# Exercise prompt:
In duplicating the lines below, keep every word unchanged and drop the pictures.
━━━━━ Recorded data
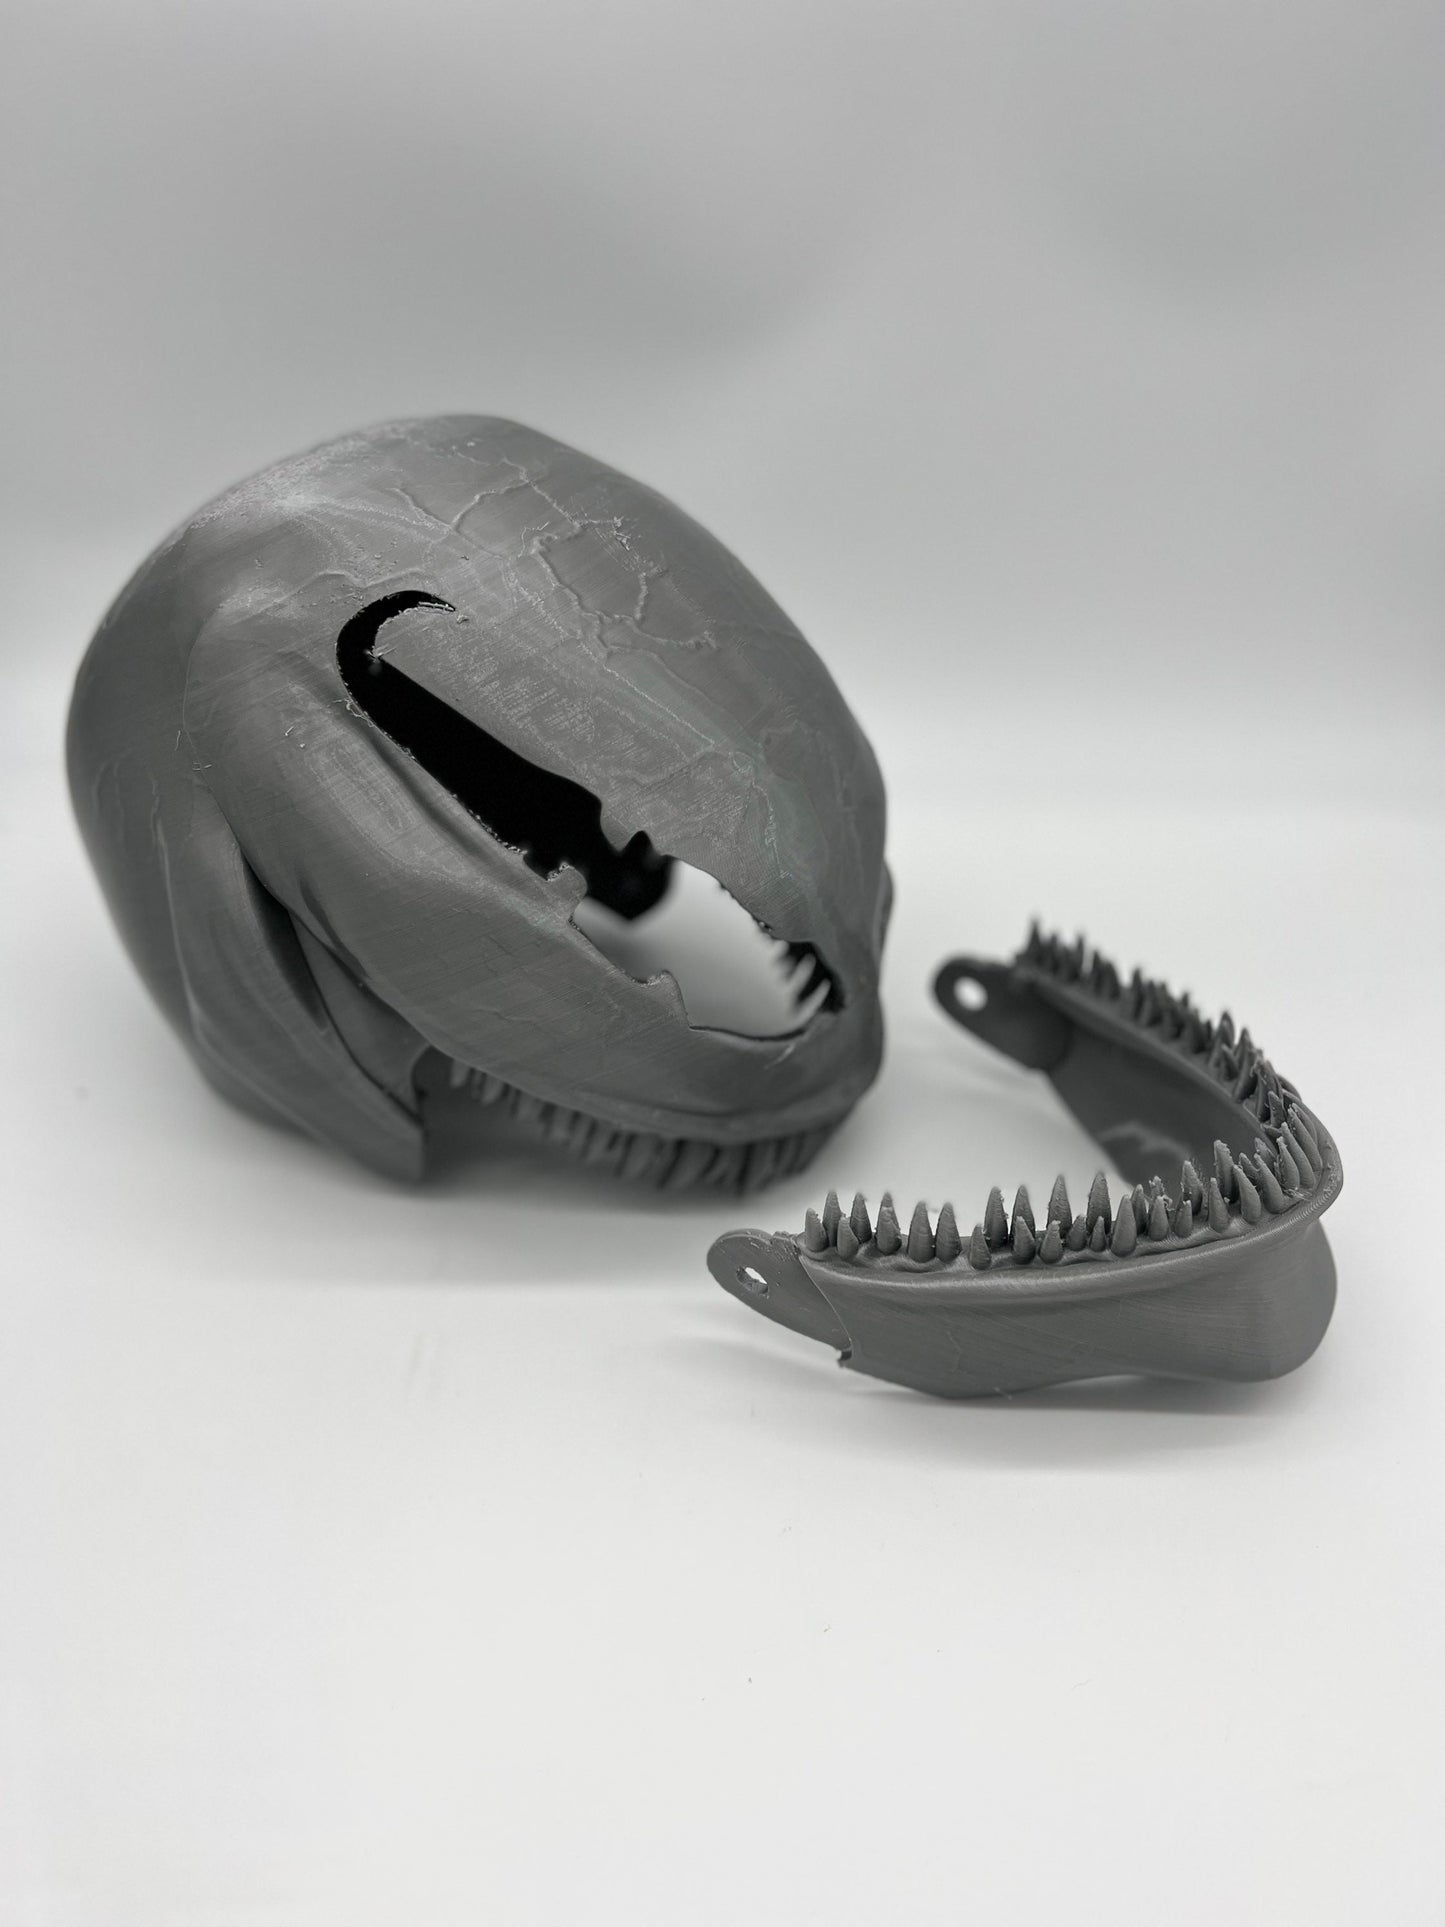 Venom Cosplay Helmet
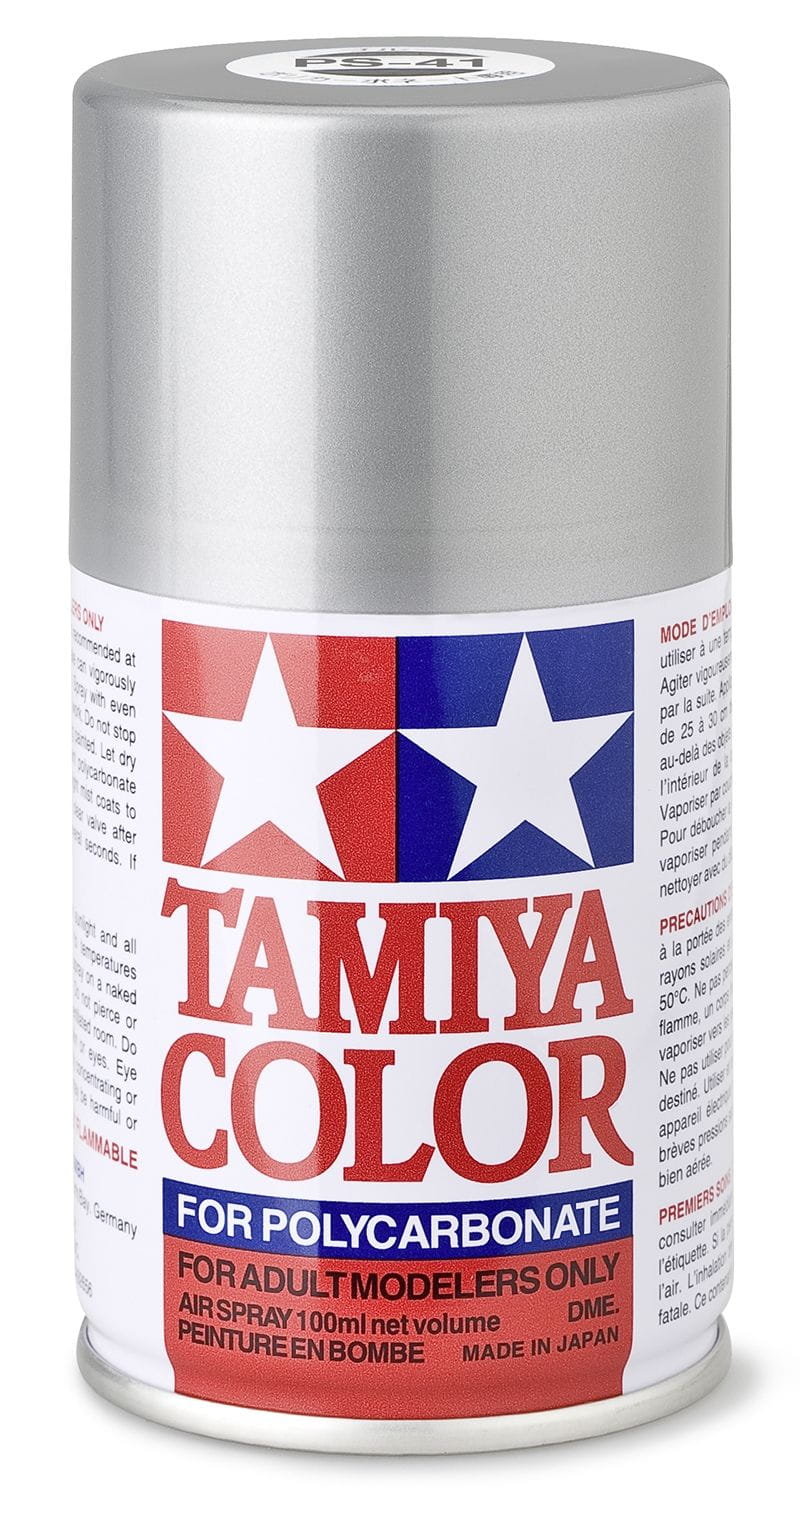 Tamiya PS-41 BRIGHT SILVER Sprühfarbe 100ml für Polycarbonat ( Lexanfarbe )
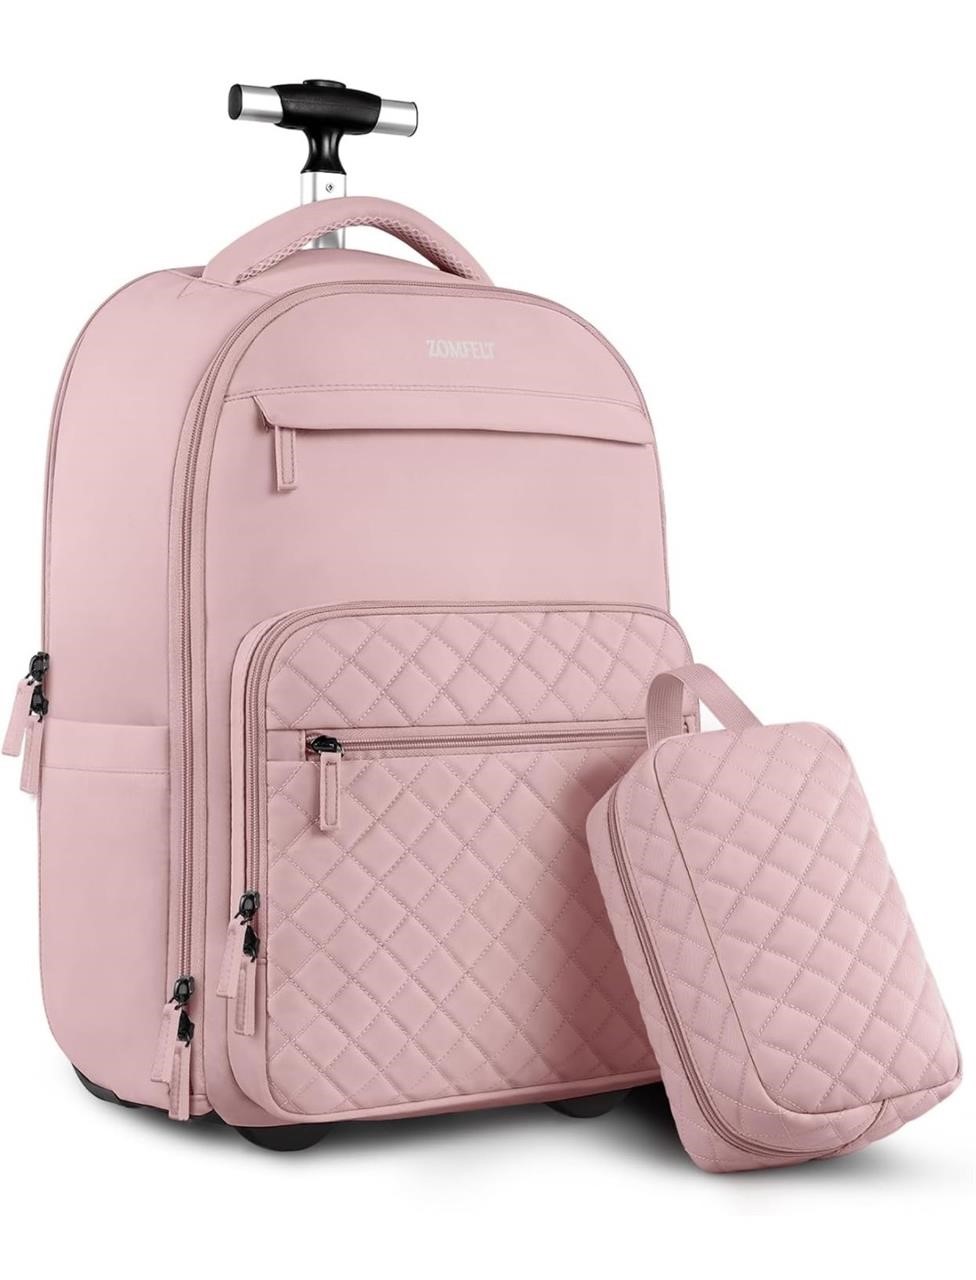 $80 ZOMFELT Rolling Backpack for Women, Travel
━━━━━━━━━━
# Answer section:
 Venom Cosplay Helmet
 Tamiya PS-41 BRIGHT SILVER Sprühfarbe 100ml für Polycarbonat ( Lexanfarbe )
 $80 ZOMFELT Rolling Backpack for Women, Travel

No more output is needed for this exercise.